Dois fatos chamaram minha atenção ontem. Um, ao ler a matéria do Gerson Borini sobre a intenção do governo, pelo Ministério dos Transportes, de eliminar a obrigatoriedade de frequentar autoescola para obter habilitação para dirigir veículos automotrizes. Outro, o comentário do leitor Lucas dos Santos à matéria. Ambos fatos que me levaram a pensar (e relembrar) como é difícil tanto ensinar a dirigir quanto aprender.
Isso porque o automóvel é uma máquina bastante complexa, com sistemas que demandam conhecimento do que são e como funcionam e agem. E o automóvel se desloca, se movimenta, precisa obedecer às leis da Física. Tudo isso para quem nunca dirigiu representa obstáculos e cada um deles precisa ser superado em relativamente pouco tempo, mas suficiente até que o aluno comece a executá-los de maneira automática. Só então ele poderá aprender a se integrar ao trânsito e com ele interagir, outra enorme dificuldade do aprendizado.
Se alguém acha que é preciso pensar para dirigir, está enganado. Digo-o, didaticamente, que dirigir é como caminhar.
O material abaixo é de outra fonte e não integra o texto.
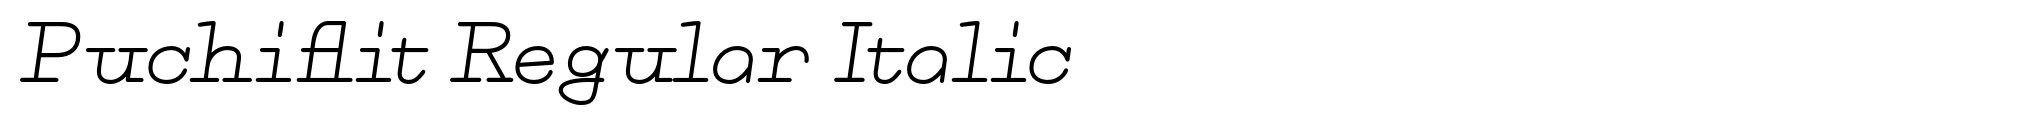 Puchiflit Regular Italic image

Não pensamos no nosso corpo ao caminharmos, apenas ficamos atentos para onde estamos indo e, principalmente, ao ambiente à volta quanto a perigos, de todas as ordens — atenção que diminui ou chega a cessar completamente ao falar ao telefone enquanto se caminha, por exemplo.
Transponha-se isso para um carro em movimento, é muito o que fazer ao mesmo tempo, é complicado para quem está aprendendo a dirigir.
No curso de pilotagem de avião para me brevetar tive dois instrutores, ambos enfatizavam a necessidade de se ficar atento ao tráfego aéreo, mesmo que seja ínfimo comparado ao viário urbano.
Outra questão relevante é o relacionamento entre instrutor e aluno. É essencial que o instrutor seja firme durante as aulas práticas mas sem perder o controle emocional, o que deixa o aluno mais tenso do que já está.
Antes de meus filhos passarem à autoescola tentei ensiná-los a dirigir e admito que fui rude com eles ao fazerem algo errado, quando o certo seria apenas severidade dosada. Era como os meus instrutores de voo faziam e felizmente entendi as “broncas” como normais no processo de aprender a pilotar. Após cada voo de instrução não havia nenhum ressentimento. Chegamos a ficar amigos.
Ajuda muito o aluno entender que o instrutor não é inimigo, pelo contrário. Ele está ali para ajudar, mas pode haver situações que exijam firmeza por parte dele. Sua técnica e experiência contam muito.
Assunto difícil
A aprendizagem de dirigir é longe de ser um assunto fácil de equacionar. Por isso não deve ser tratada como quer o governo com o plano ora apresentado. A parte curricular, no meu entender, é a mais difícil. Quem recebe o direito de dirigir no sistema atual não preenche as condições para que possa ser considerado condutor tecnicamente, só do ponto de vista legal. Fato bem conhecido.
Cabe ao Ministério dos Transportes encontrar uma solução que efetivamente atenda aos interesses do País em vez de pretender “democratizar” a CNH com a eliminação do aprendizado obrigatório em autoescolas.
Como lembrou o leitor Lucas dos Santos, que é instrutor numa autoescola, é ilegal dirigir em vias públicas sem ser habilitado a menos que em instrução por estabelecimento e instrutor credenciados, com veículo dotado de pedais de freio e embreagem adicionais, como determina a Resolução Contran nº 789 de 18/06/2020.
Enquanto não houver solução que aprimore o ensino de dirigir, a prudência e o bom senso recomendam deixar tudo como está.
BS
(Atualização: a matéria sobre dispensa de autoescola para obter a CNH é de Gerson Borini e não de Boris Feldman)
A coluna “O editor-chefe fala” é de exclusiva responsabilidade do seu autor.